Task directions: Copy the listing below exactly. Pictures stay out of it.

Provided material:
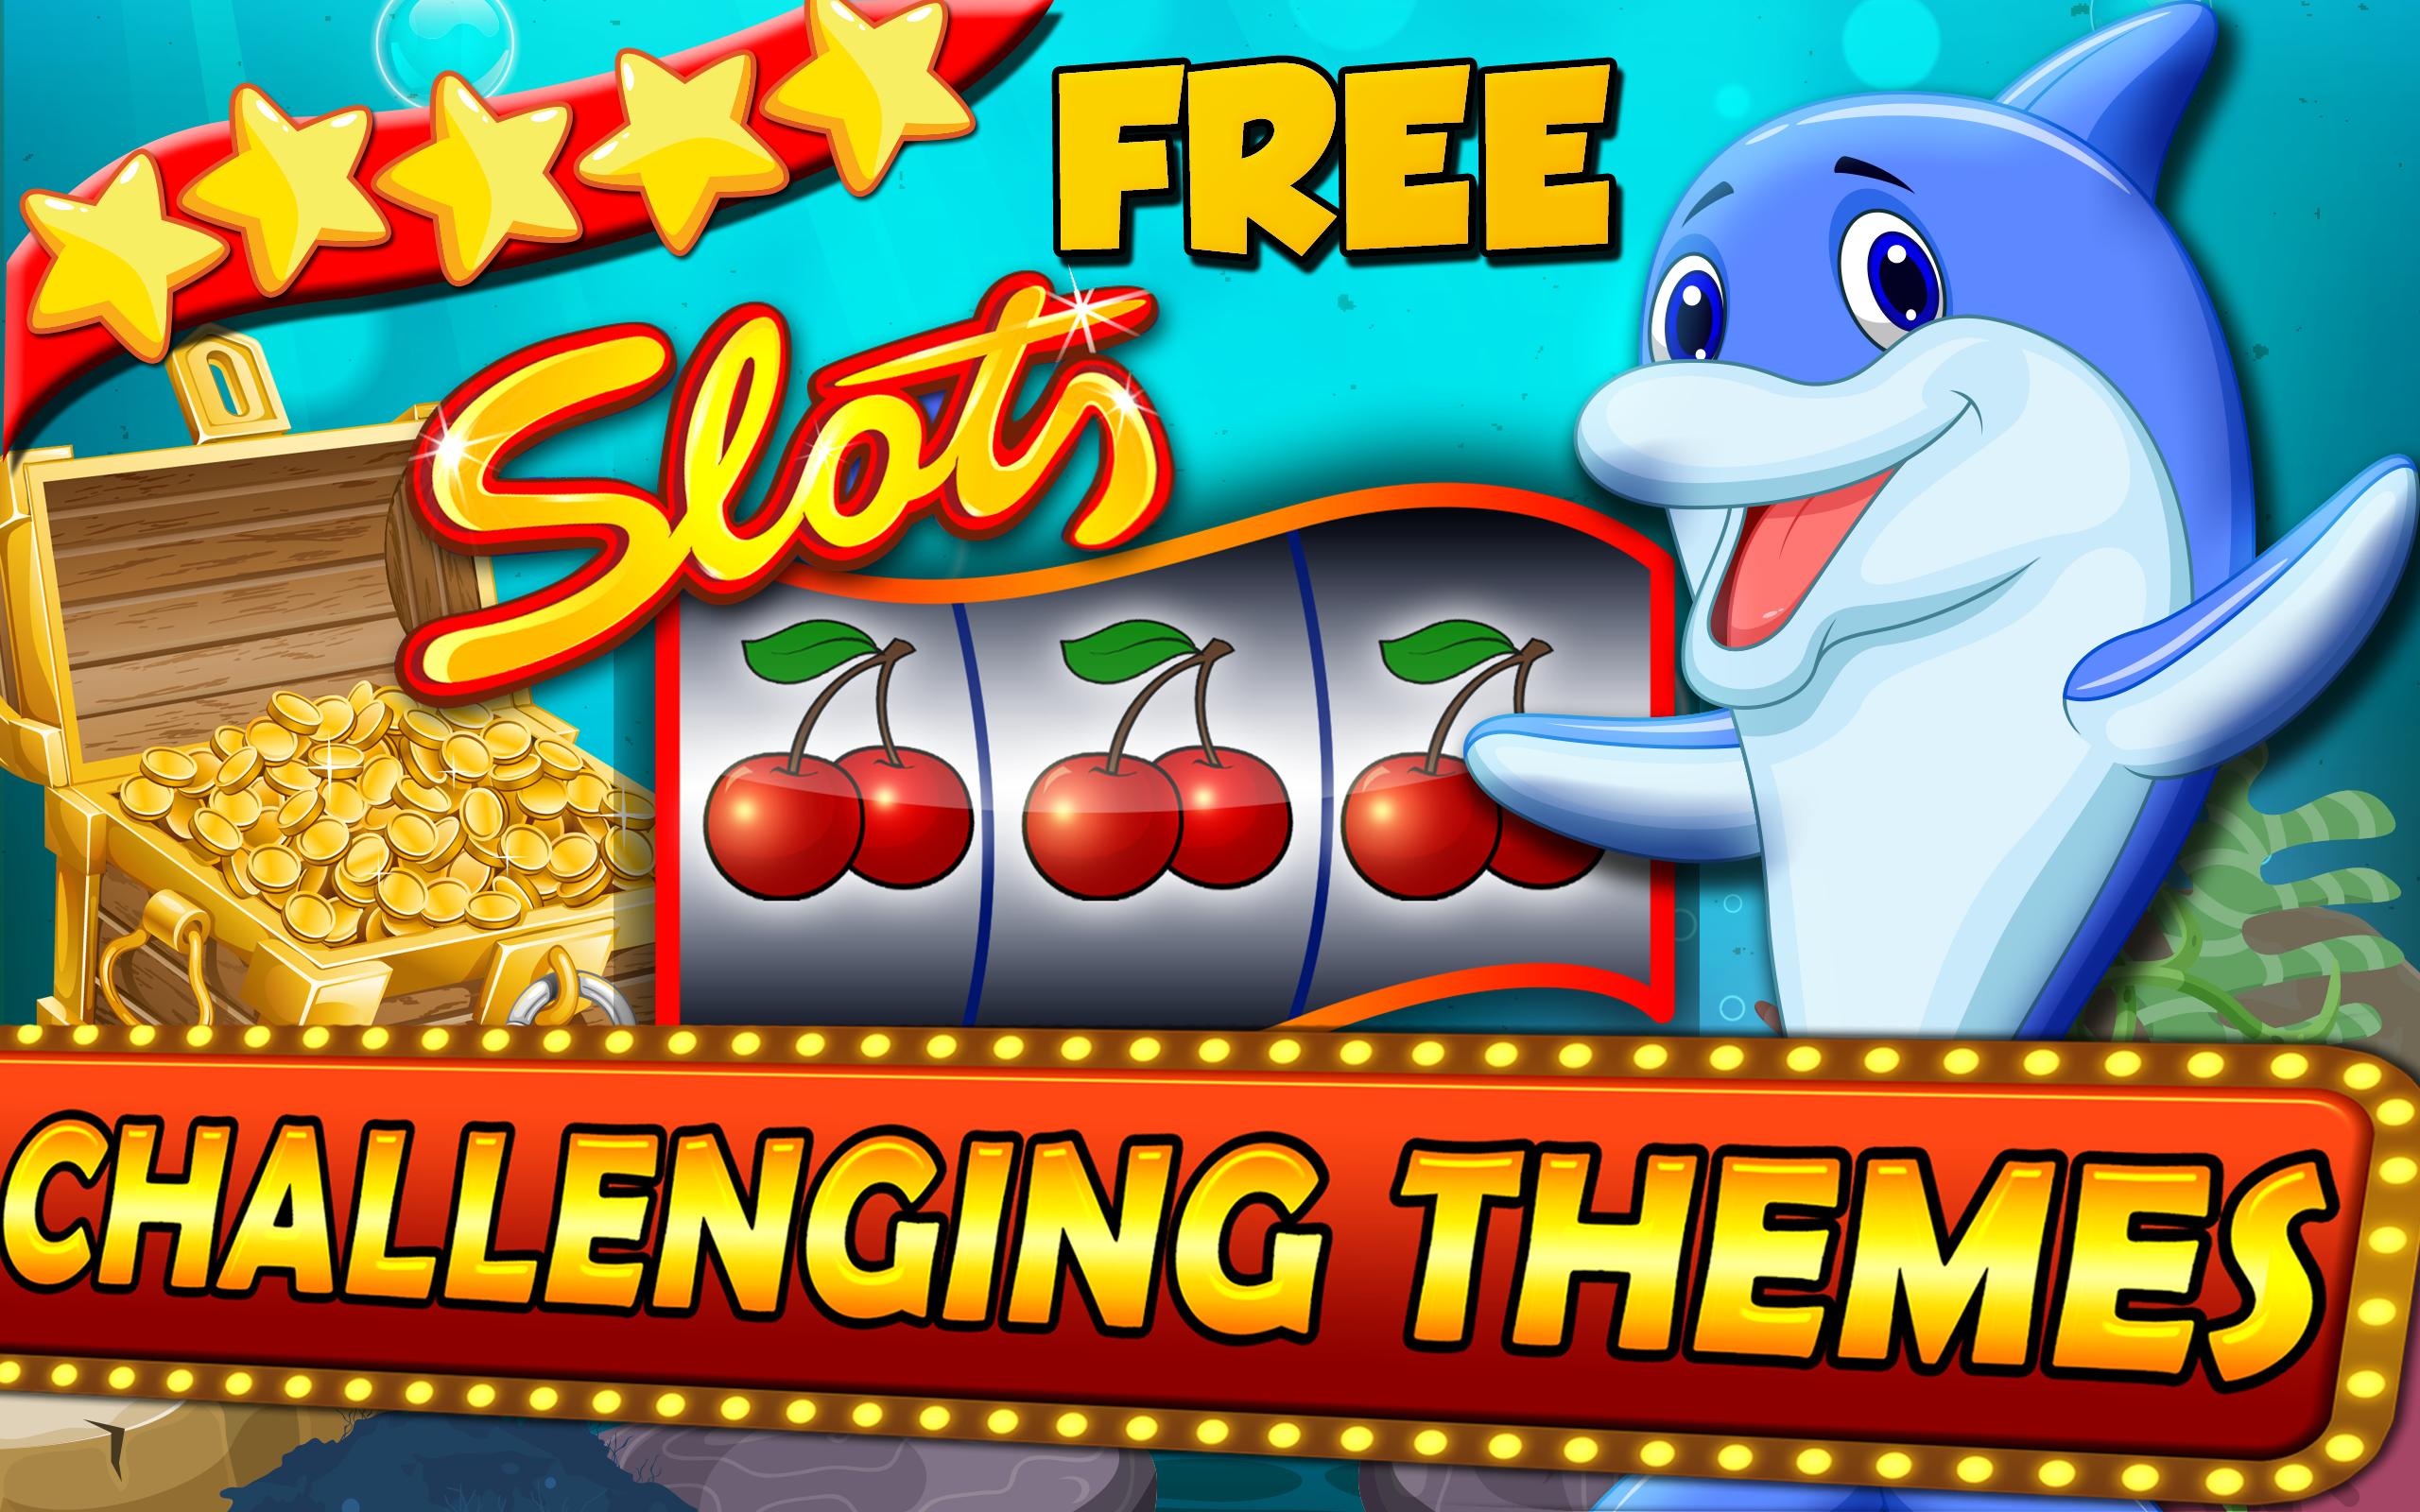 Jackpot Win Online Slots Erfahrung Mit Online Casino Deutschland Free Wicked Winnings Slot Game Safeguardgc
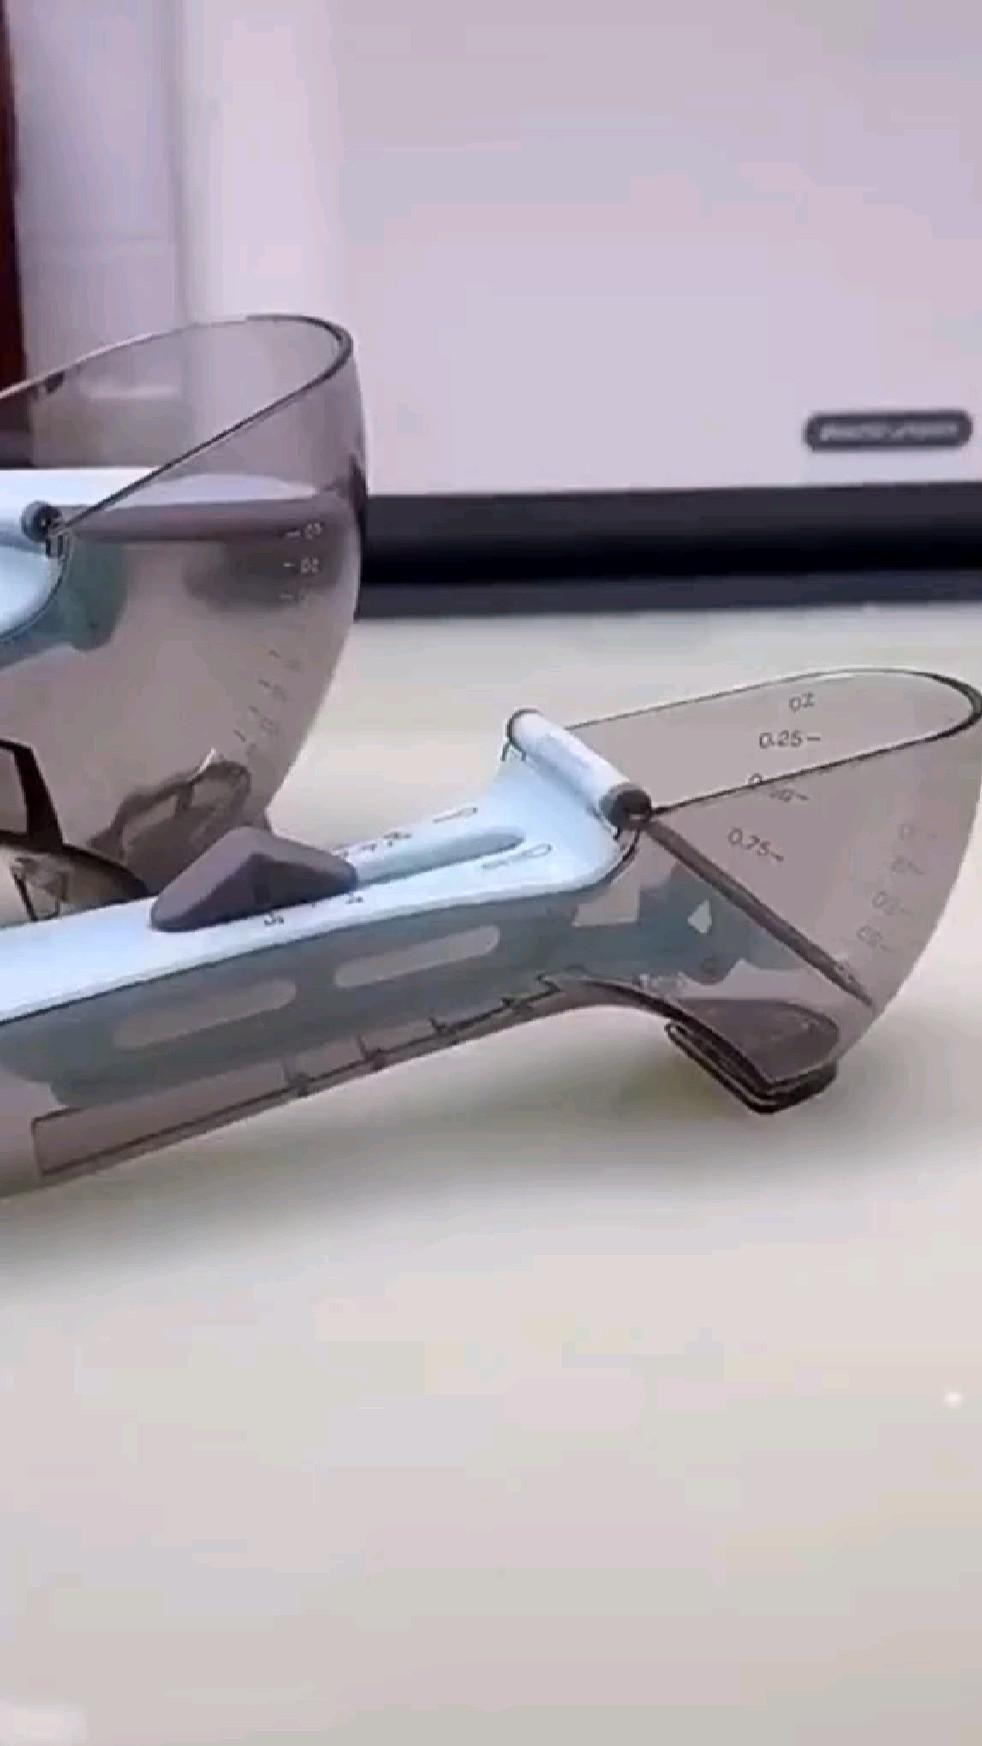 Unique Gadgets | Very Useful
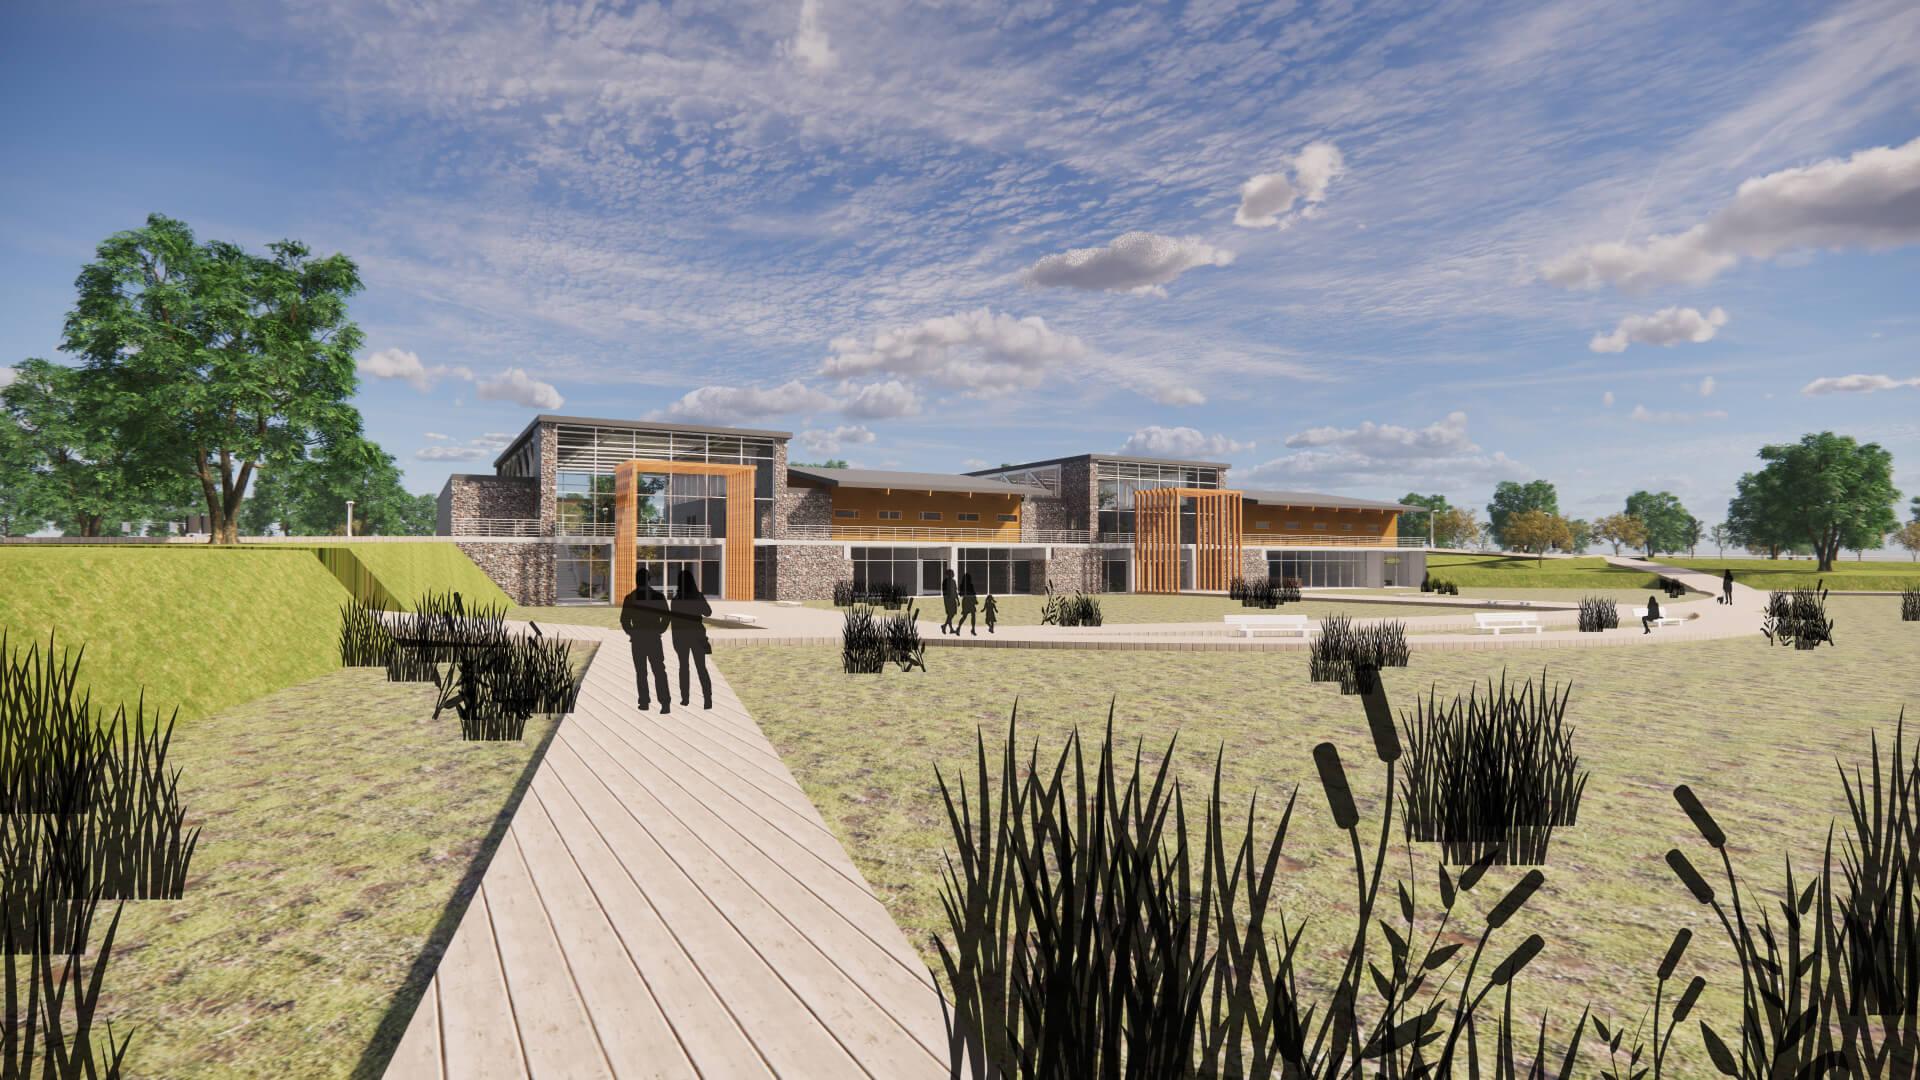 Lake Saint Clair Metropark Ecological Center
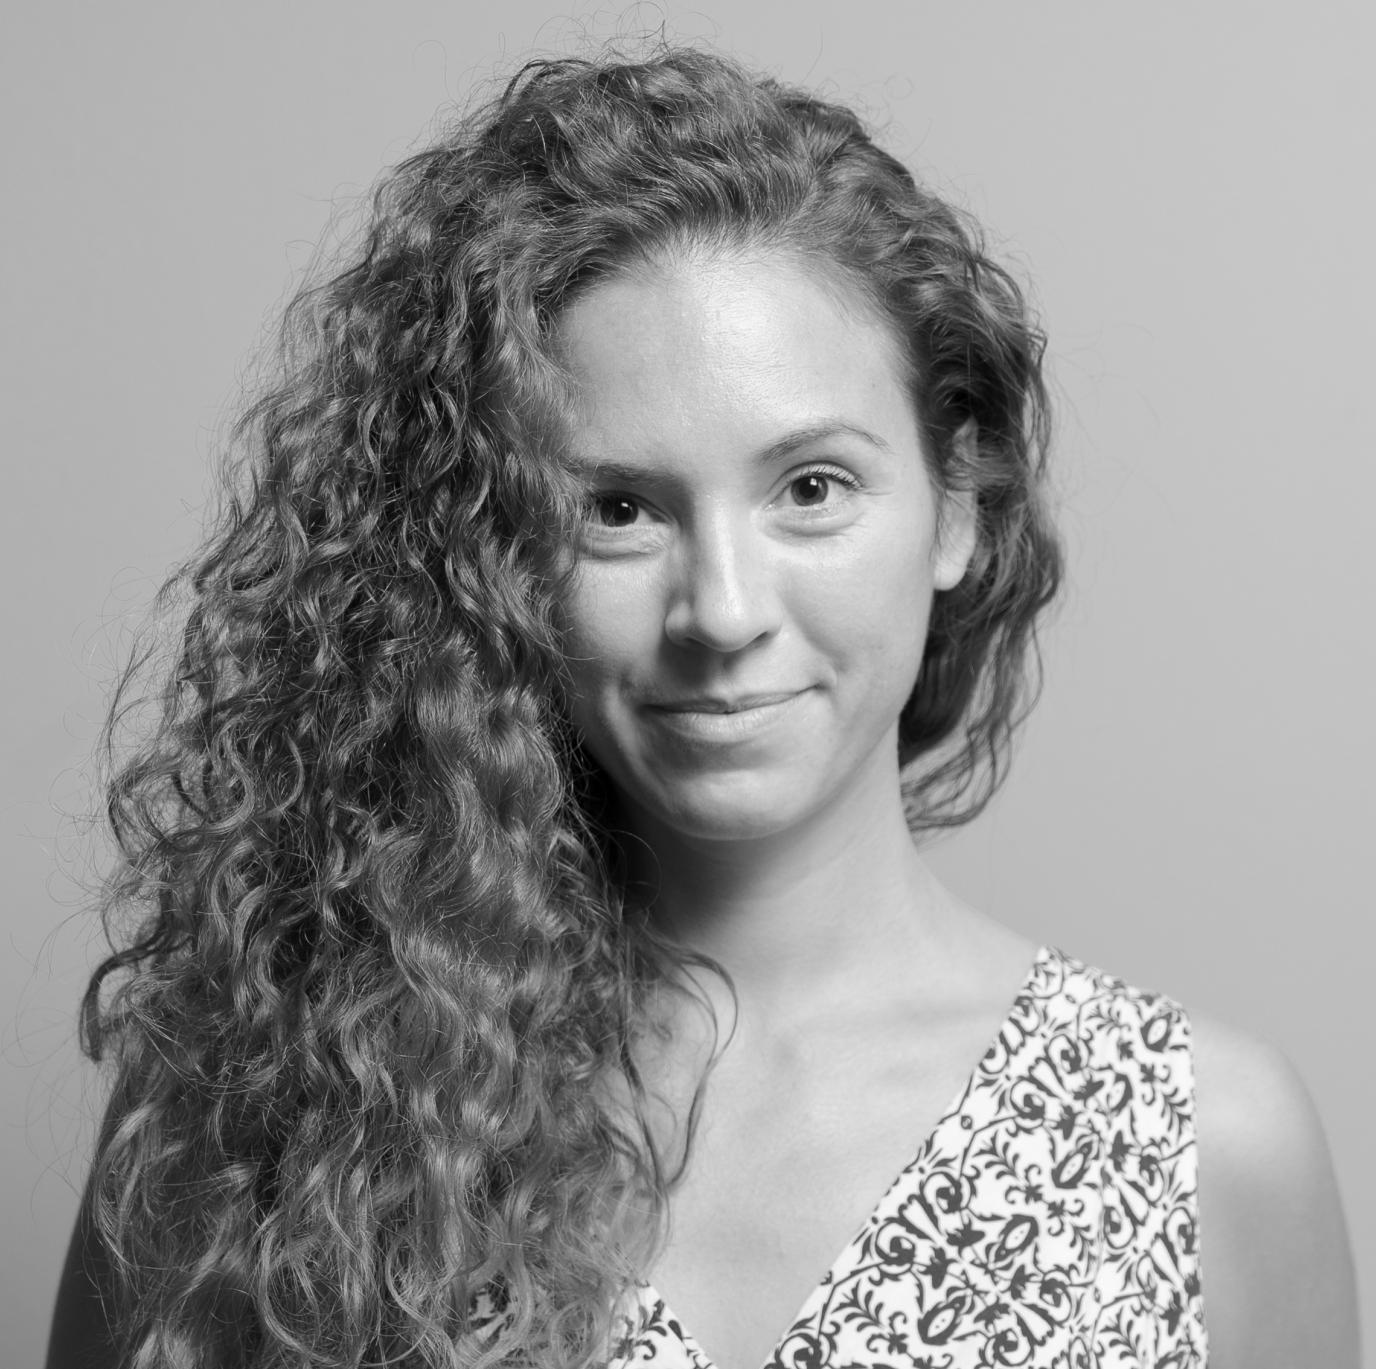 Caterina Obbia

Solution:
 Jackpot Win Online Slots Erfahrung Mit Online Casino Deutschland Free Wicked Winnings Slot Game Safeguardgc
 Unique Gadgets | Very Useful
 Lake Saint Clair Metropark Ecological Center
 Caterina Obbia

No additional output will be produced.